The Imaging Infinity Observatory
Originally constructed in 2006 and shared by Hap Griffin and Gene Hunter after outgrowing their original building, this observatory is now occupied only by Hap since Gene decided to change the course of his astronomical activities. Like the Foster-Hinson Observatory next door, this building has an environmentally regulated control room for more comfortable working conditions in the winter and space for visitors to congregate. The building features a kitchen, bathroom, heating and air conditioning, a central vacuum cleaning system, satellite TV (DirecTV), satellite radio (XM), and Verizon wireless internet.

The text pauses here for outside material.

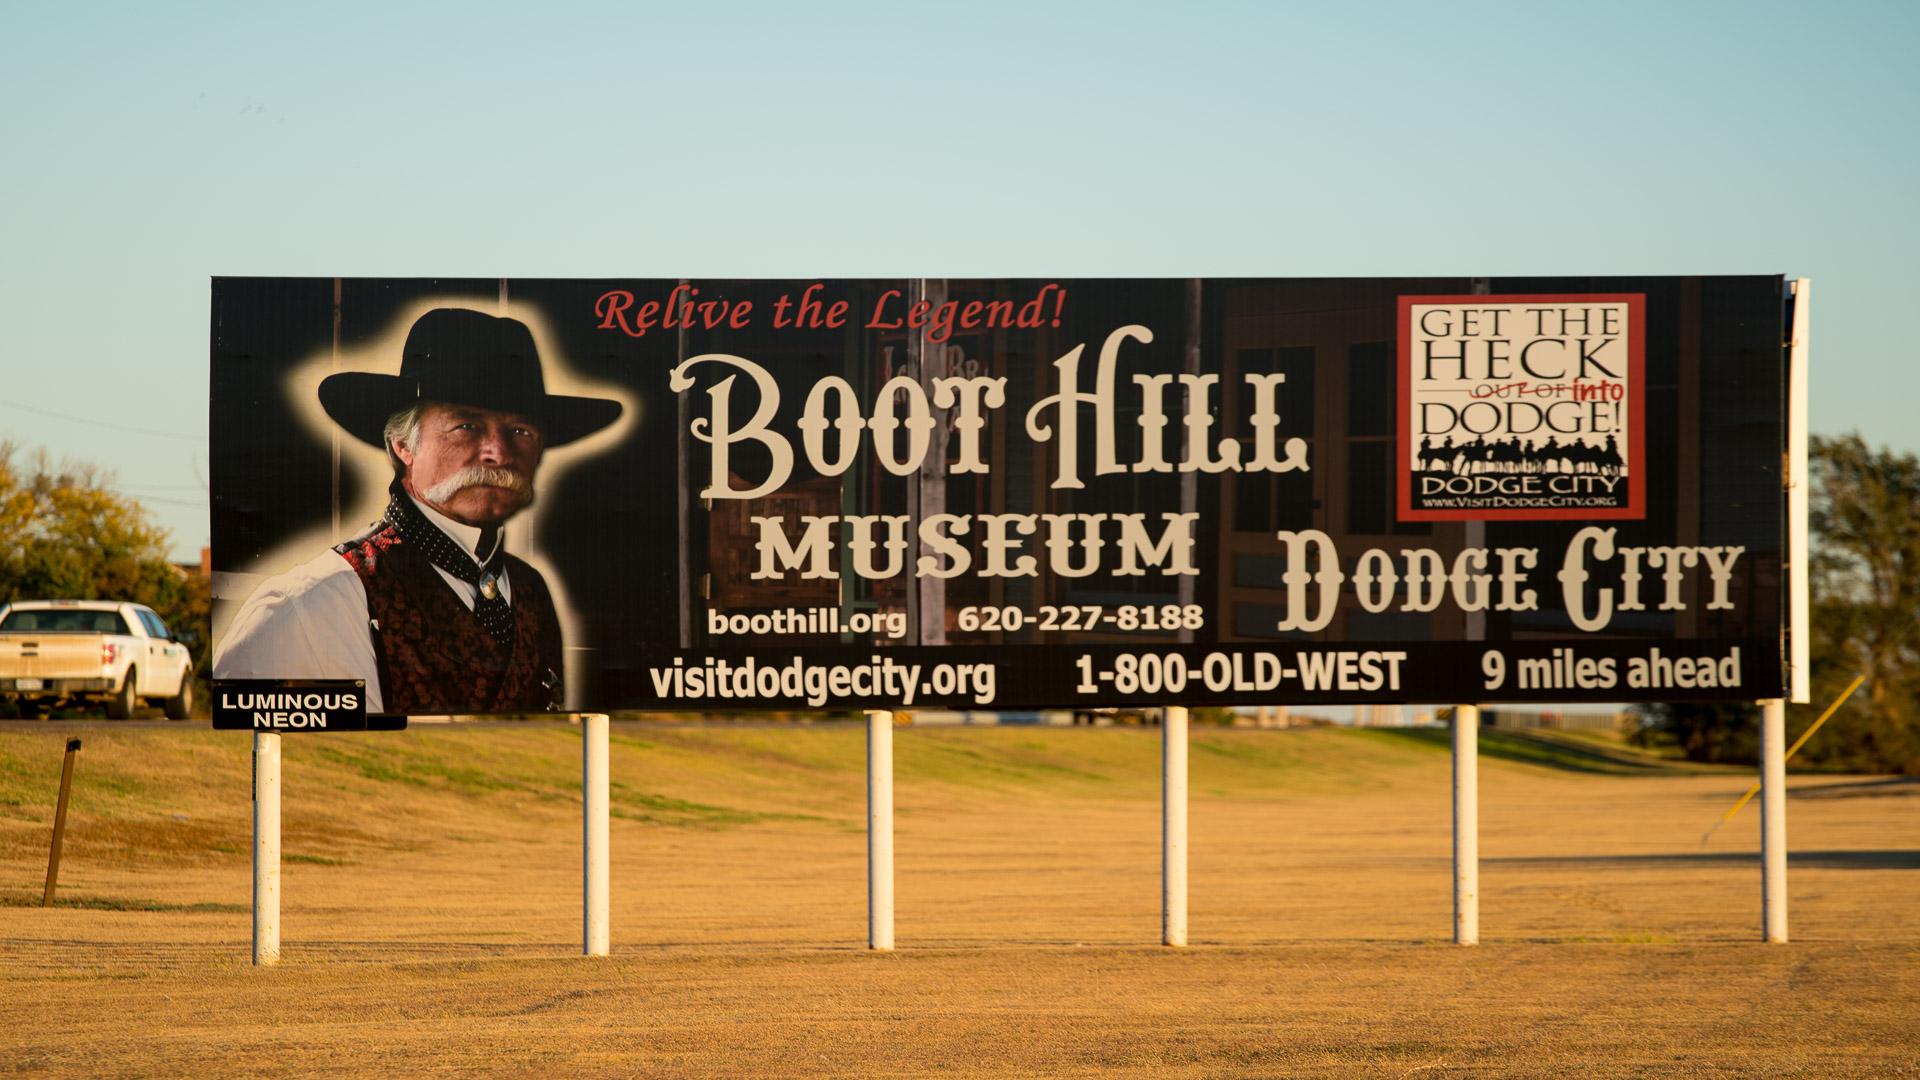 Boot Hill Museum in Dodge City, KS - Luminous Neon Art & Sign Systems

|No real observatory is complete without a "warm room" for those cold nights and weekend long astrophotography sessions. Shown here is the kitchen, complete with tile countertop, custom cabinets, fridge, gas stove, microwave, and bar. Also shown is the propane powered central heater. On cold nights, it is no problem having a 50+ degree differential between the warm room and the outside.|
|Hap's sleeping and operating area. All three of the observatory PC's are linked via wireless networking so the telescopes can be remotely controlled from the warm room, or even from one of the other observatories on site. A futon provides seating for visitors and a bed for sleeping. To the right are the steps leading up to the telescope room. Also seen here is the air conditioner and HDTV.|
|The corner bathroom. The west side of the warm room serves as the utility side with the kitchen, bathroom and storage areas.|
|The interior of the bathroom showing the tile countertop with bar sink, oak cabinets, tile floor and water storage tank. There is an electric water pump and water heater within the cabinet. The window that formally provided viewing into the telescope room will soon be replaced with a mirror.|
|A deck for cooking out and relaxing finishes off the rear of the building and provides a walkway to the Foster-Hinson Observatory next door.|
|Hap's rig consists of two scopes covering the focal length spectrum...a Takahashi FSQ-106N at 530mm for wide-field work and a Planewave 12.5" CDK at 2540mm for smaller objects. The mount is an Astro-Physics AP-1200.|
Breakfast on the deck at MAC-Hunter after a long night of imaging.